### Task
Copy each record below exactly, please, and leave its pictures out.

[Dataset records]

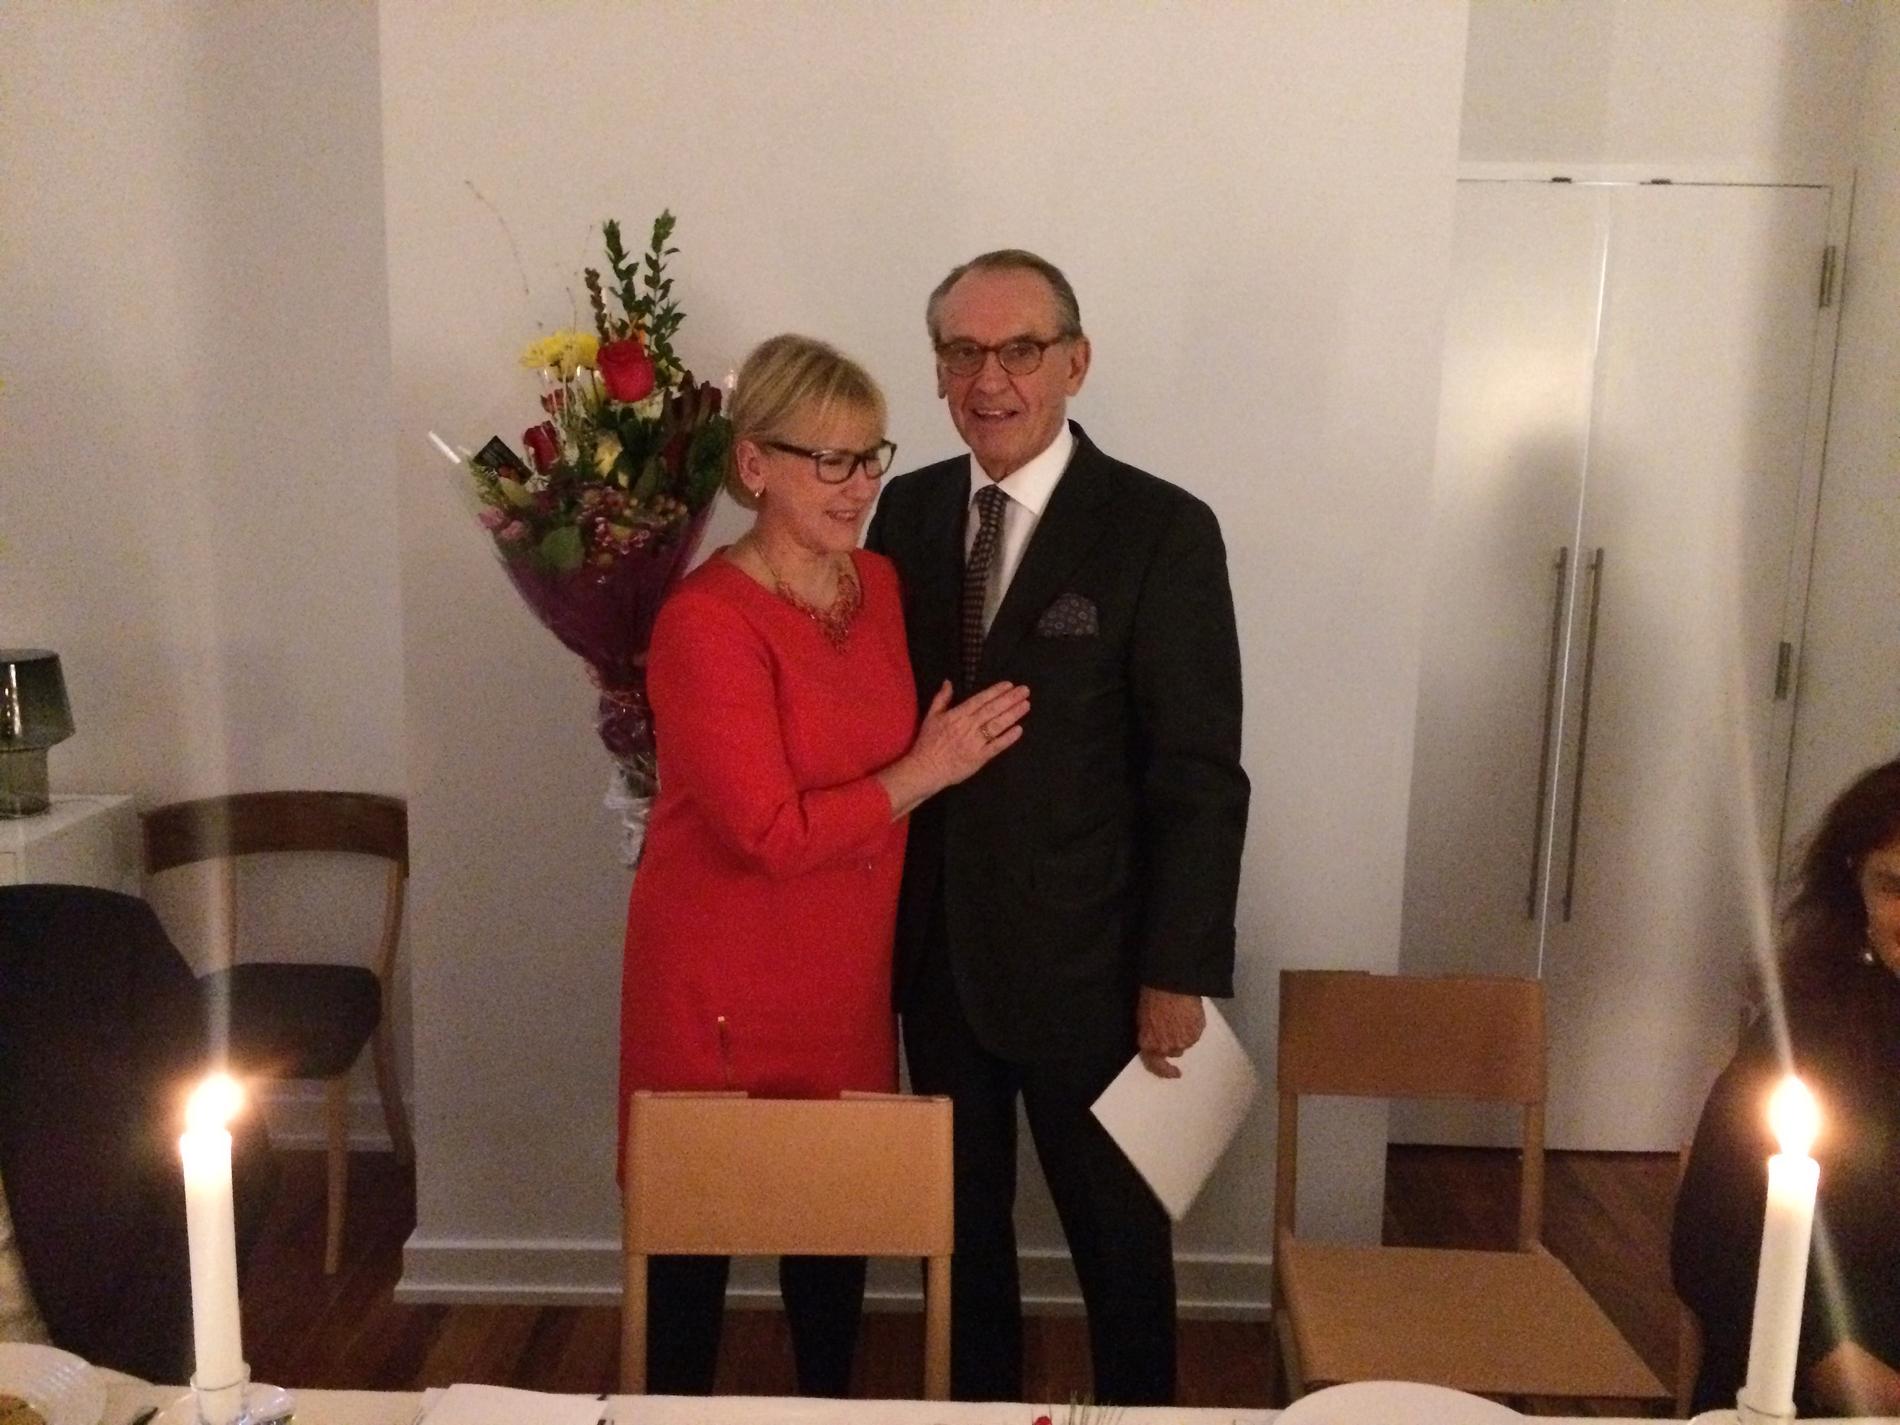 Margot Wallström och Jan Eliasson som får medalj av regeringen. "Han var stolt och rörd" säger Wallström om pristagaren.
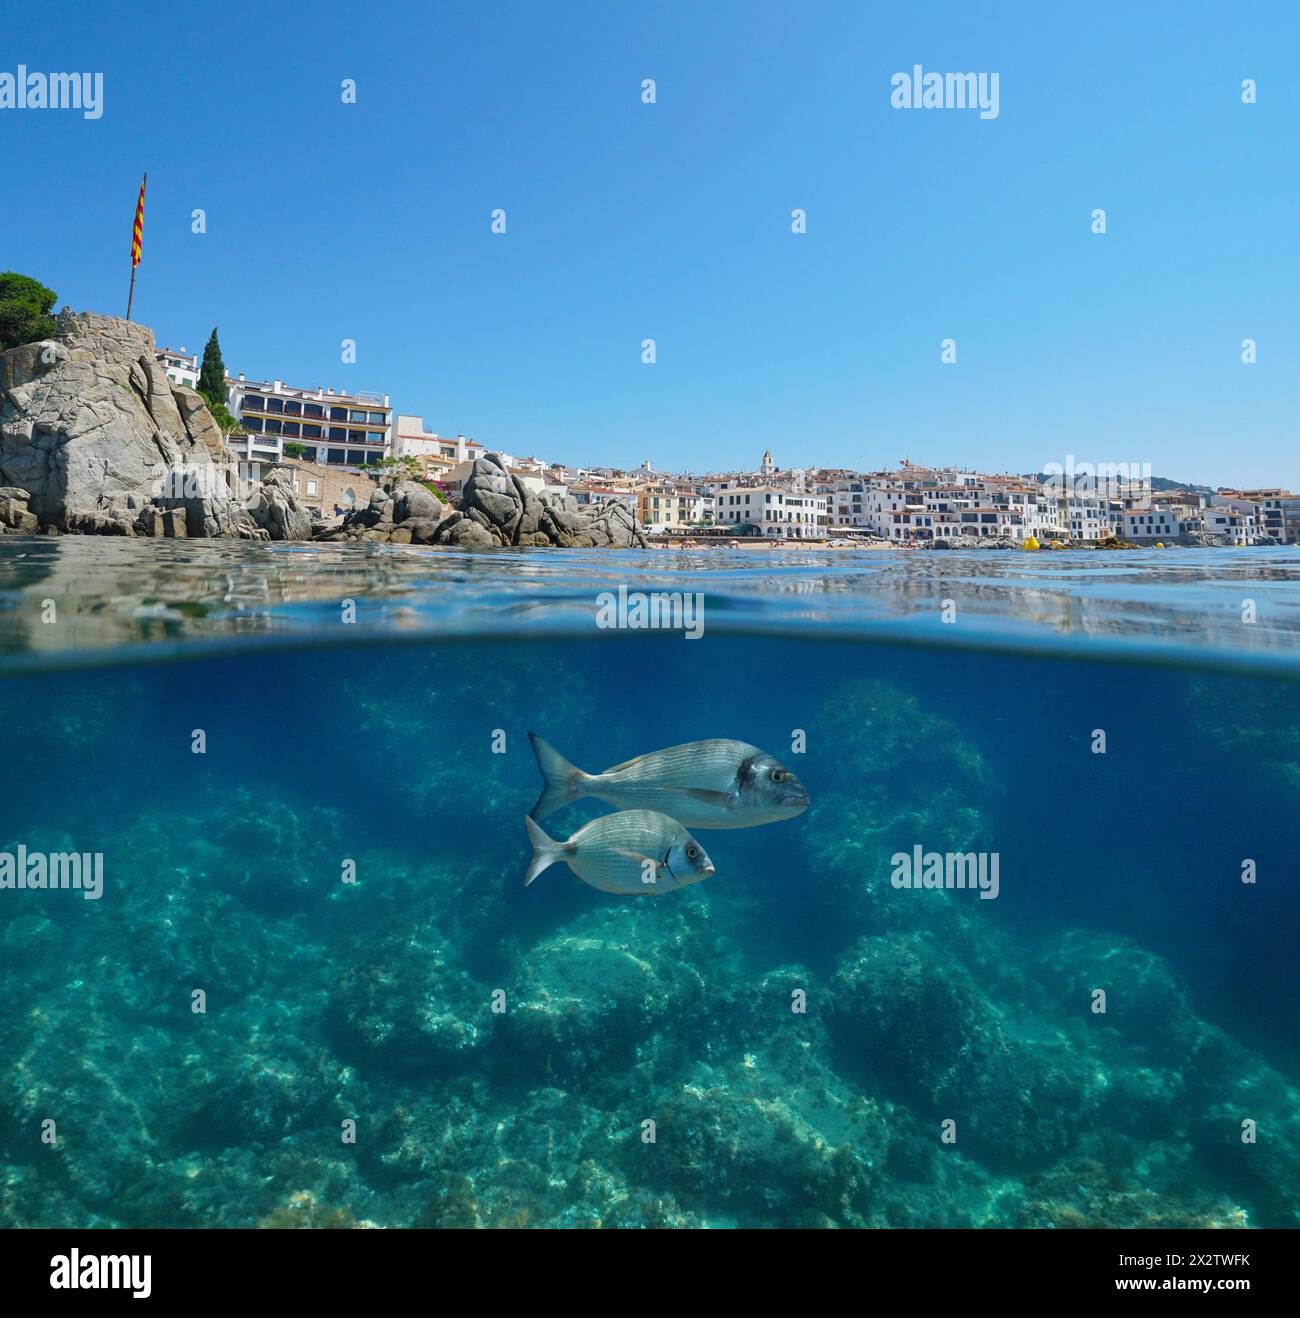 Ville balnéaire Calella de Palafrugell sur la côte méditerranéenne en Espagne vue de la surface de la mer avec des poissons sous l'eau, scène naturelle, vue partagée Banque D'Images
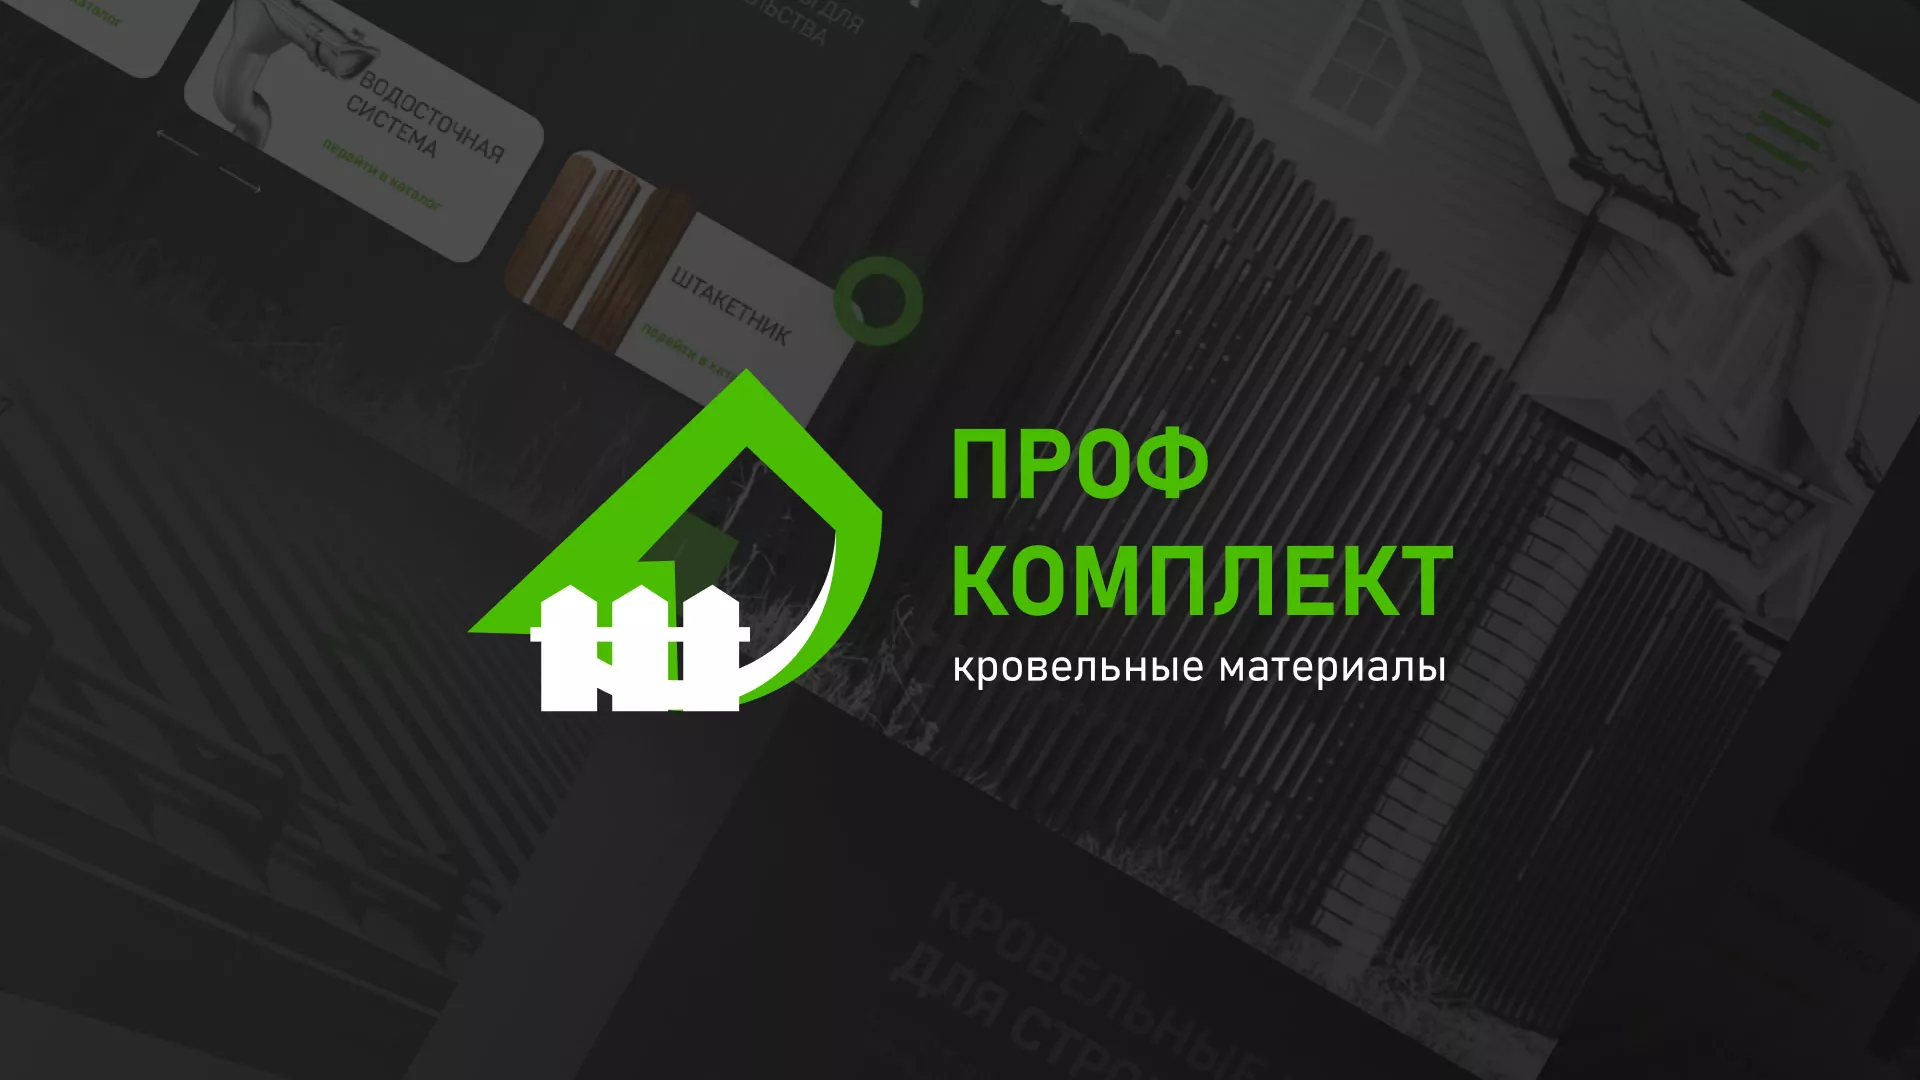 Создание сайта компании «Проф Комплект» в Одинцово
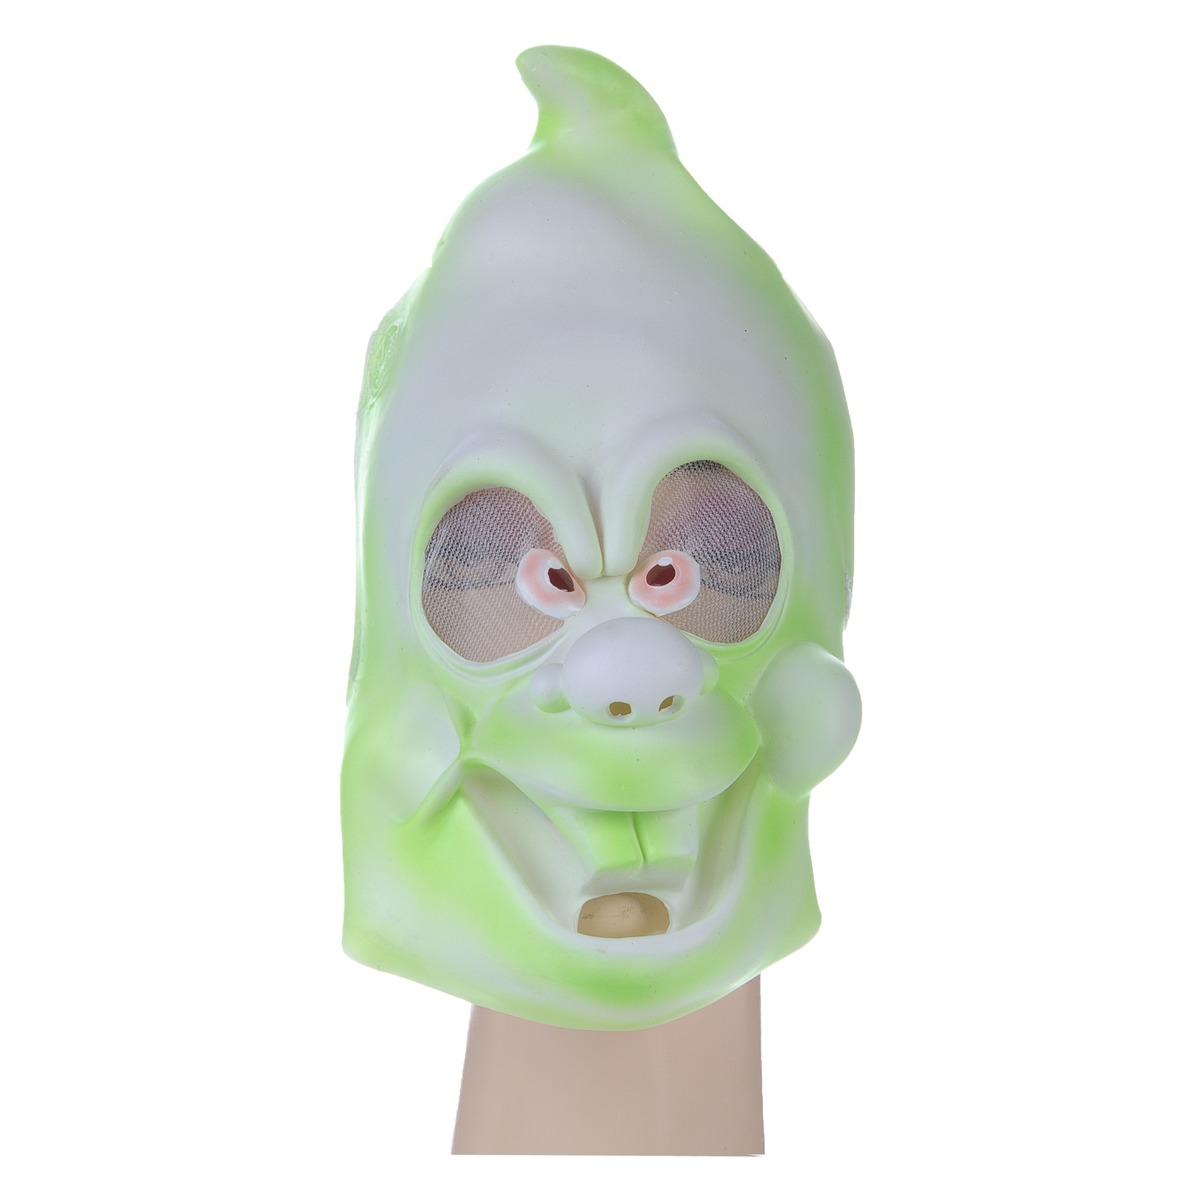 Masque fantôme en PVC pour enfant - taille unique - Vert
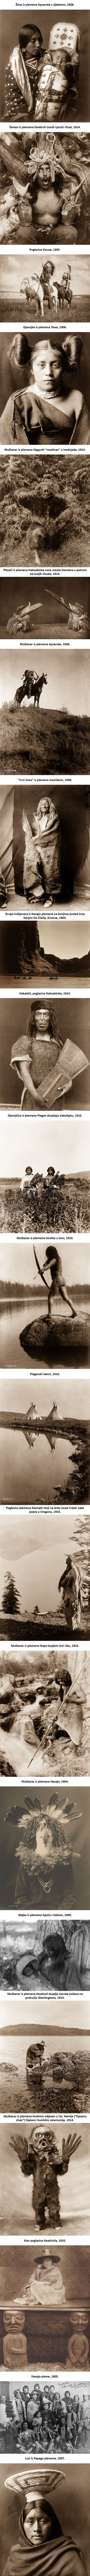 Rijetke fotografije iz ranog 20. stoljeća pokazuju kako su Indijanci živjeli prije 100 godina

### Your solution
 Margot Wallström och Jan Eliasson som får medalj av regeringen. "Han var stolt och rörd" säger Wallström om pristagaren.
 Ville balnéaire Calella de Palafrugell sur la côte méditerranéenne en Espagne vue de la surface de la mer avec des poissons sous l'eau, scène naturelle, vue partagée Banque D'Images
 Создание сайта компании «Проф Комплект» в Одинцово
 Masque fantôme en PVC pour enfant - taille unique - Vert
 Rijetke fotografije iz ranog 20. stoljeća pokazuju kako su Indijanci živjeli prije 100 godina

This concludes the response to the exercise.